Один из парадоксов мировой лирики: больше всего стихов написано про старость. Вы думали, про молодость? Нет. Стихи ведь обычно и пишутся в юности: как сказал один из авторов этого сборника, Александр Межиров, – «Есть правило, оно бесповоротно, всем смертным надлежит его блюсти: до тридцати поэтом быть почетно и срам кромешный – после тридцати». В молодости о молодости не пишут, как здоровый не замечает здоровья: оно просто есть. Ну разве что, в порядке кокетства, когда исчерпаны прочие темы, поступают в духе Ленского: «Он пел увядший жизни цвет без малого в осьмнадцать лет».
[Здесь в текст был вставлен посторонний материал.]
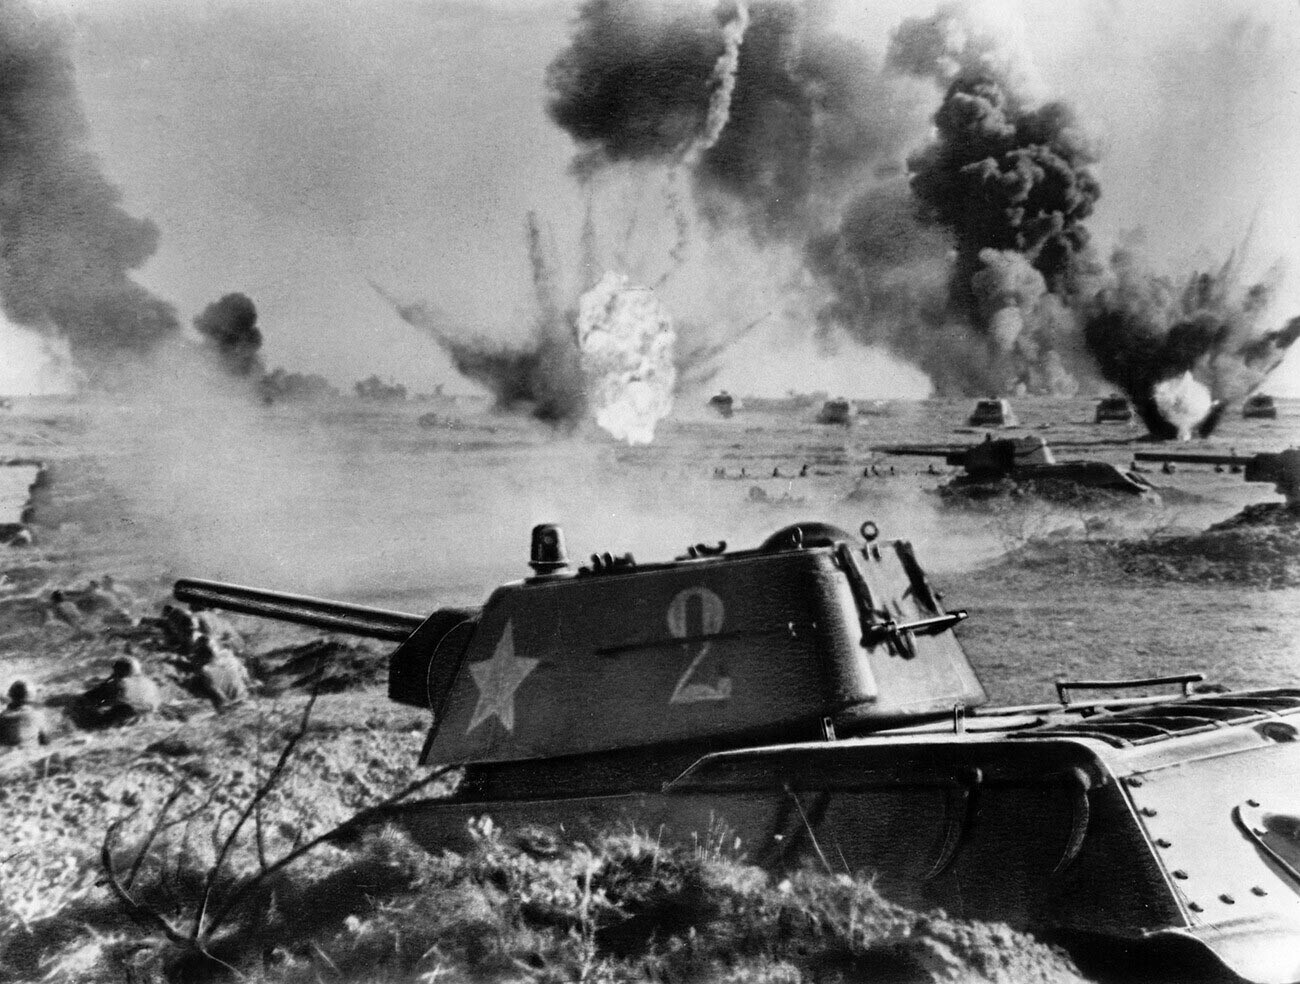 Schlacht von Stalingrad, sowjetische T-34-Panzer in der Schlacht, 1942 oder 1943.

Иное дело старость: это время сетований, во‑первых, и честных признаний, во‑вторых. Как сказал однажды Шкловский Лидии Гинзбург, «В старости вы перестанете бояться и напишете правду», что она и сделала (впрочем, писала ее и в молодости, но – в стол). Я как-то спросил об этом парадоксе Кушнера, его стихов в этой книжке тоже много: почему вдруг оказалось, что старение – самая поэтическая тема? Очень просто, сказал Кушнер, закуривая любимую свою крепкую сигариллу. Лучшие стихи пишут о том, чего боятся. Поэт же, в общем, как моллюск: попала к нему острая песчинка – он ее обволакивает перламутром, чтобы не кололась. Ну и получается жемчуг. А старость – сильно колется, причем всю жизнь. И прочел из нового:
Припадая к кустам, глядя вслед облакам,
Помня все, что манило и грело,
Поучись у Рембрандта любви к старикам —
Это горькое, трудное дело.
Хуже старости, кажется, нет ничего,
Только смерть, да и та – не намного.
Но похоже на подвиг искусство его,
А старик пожалеет и сам хоть кого,
Хоть тебя: не грусти, ради Бога!
И когда отойдешь от того старика,
Не забудь, обречен на разлуку,
Как в венозных прожилках сжимает рука
Его правая – левую руку.
Вот, кстати, хоть и написано это в 81 год, а очень хорошо. Есть немногие счастливцы, которые в старости испытали расцвет; есть и те, кто молодости стыдились, вообще не печатались, опубликовали первые подборки в почтенном, по меркам XIX века, возрасте – около сорока. Лев Лосев, скажем, известный молодым друзьям как Лифшиц и вошедший в литературу под псевдонимом. Лосев, которого Синявский назвал последним обэриутом, позволял себе такую дерзость, до какой молодым далеко, – а все почему? Бояться нечего. «И не пристало мне под старость лет собою подпирать милицанера» – кто еще рискнул бы наговорить коллегам столько дерзостей? А про Фуко как он высказался? И все потому, что был уже свободен от дежурного пиетета к «кому положено», свободен от любви и от плакатов, сказал другой поэт, всю жизнь дико боявшийся старости и, говорила его возлюбленная, покончивший с собой от этого страха.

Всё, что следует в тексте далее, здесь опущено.